Türkiye’nin dört bir yanında havalimanından tünellere, otoyollardan metrolara kadar onlarca alanda inşaatlar sürerken, yükleniciler tarafından sadece Ulaştırma ve Altyapı Bakanlığı adına gerçekleştirilen projelere ait 2 bin 300 civarında şantiye bulunuyor. Türkiye genelinde belediyeler tarafından da binlerce proje yürütülürken, konut ve iş yeri yapımı inşaat sektörünü sürükleyen ana kollardan birisi olarak öne çıkıyor.
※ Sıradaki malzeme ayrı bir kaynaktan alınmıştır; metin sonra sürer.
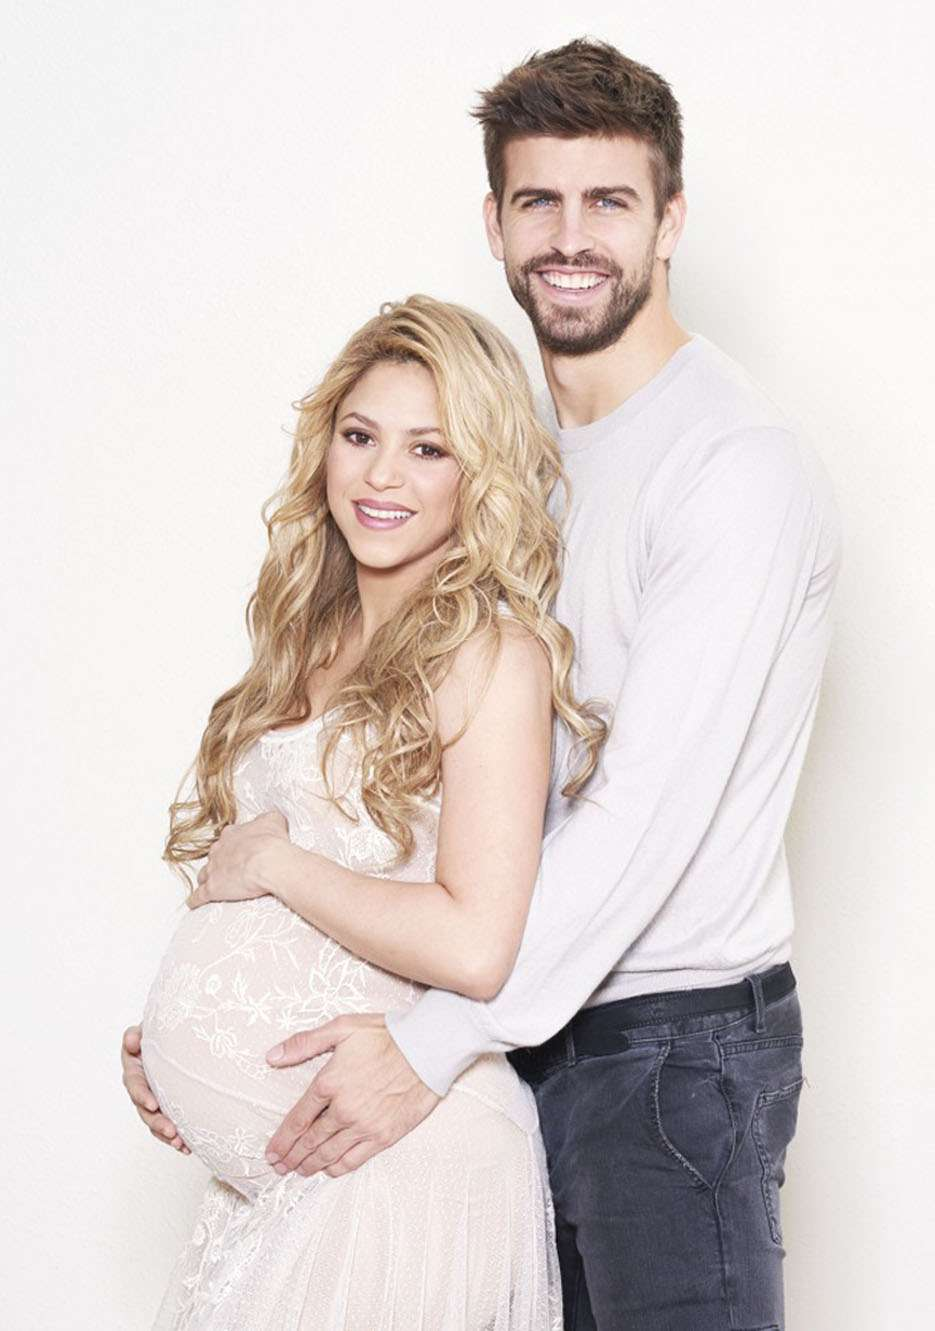 Shakira e Piqué aparecem juntos em ensaio Foto: The Grosby Group
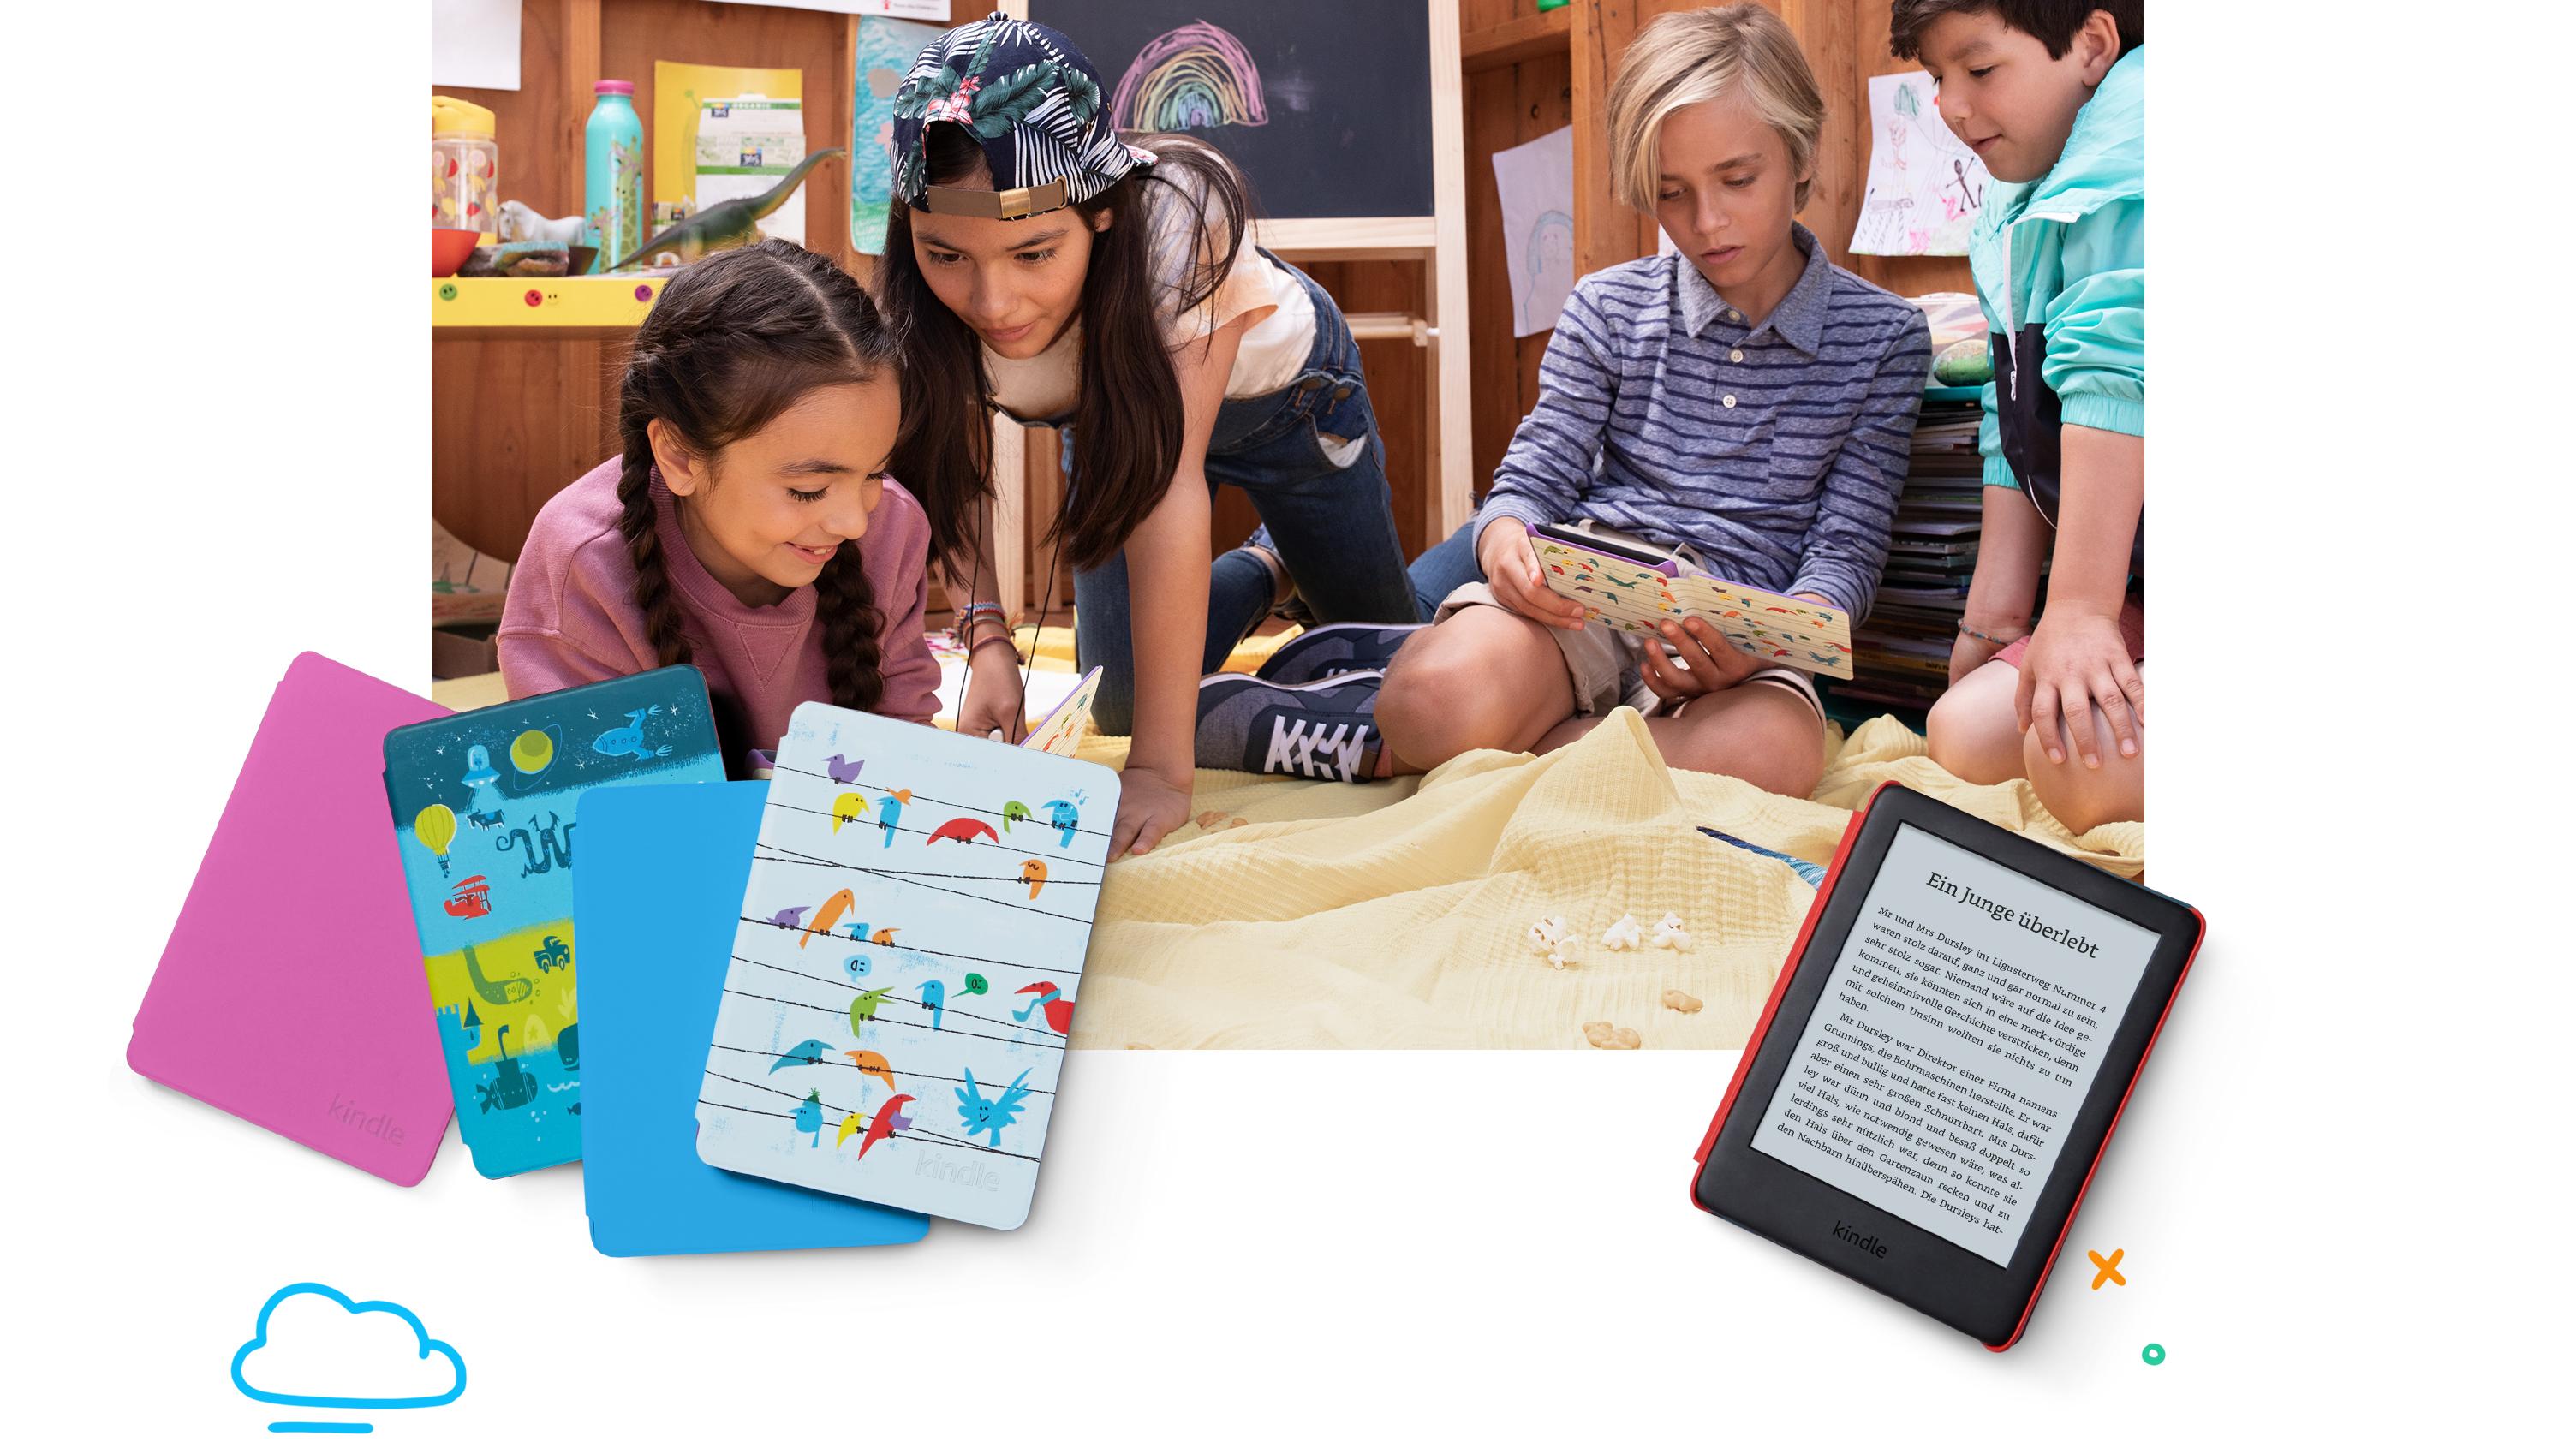 Kindle Kids Edition Mit Zugriff Auf Mehr Als Tausend Bücher Blaue Hülle Amazon Devices

Yan sektörlerle birlikte GSYH’deki payı yüzde 35
İstanbul İnşaatçılar Derneği’nin (İNDER) araştırmasına göre, inşaat sektörü, malzeme sanayisinden mimarlığa, mühendislikten teknik müşavirliğe kadar birçok alanı içinde barındırıyor. İnşaat, demir, alçı, elektrik malzemesi, trafo, kombi, perde, mobilya, cam, parke, plastik boru, çivi, boya gibi 250 civarında yan sektörü doğrudan ve dolaylı olarak ilgilendiriyor. Artan maliyetler, küresel krizin olumsuz etkileri ve salgın nedeniyle zayıflasa da inşaatın GSYH içindeki payı yüzde 4,7 düzeyinde. İnşaat sektörünün doğrudan istihdamı ise 1,8 milyon civarına yükseldi. İnşaatın desteklediği 250 yan sektörle birlikte istihdamı ise 6 milyon kişiyi aşıyor. Bu sektörlerin GSYH içinde yüzde 35’lere varan bir paya sahip olduğu görülüyor.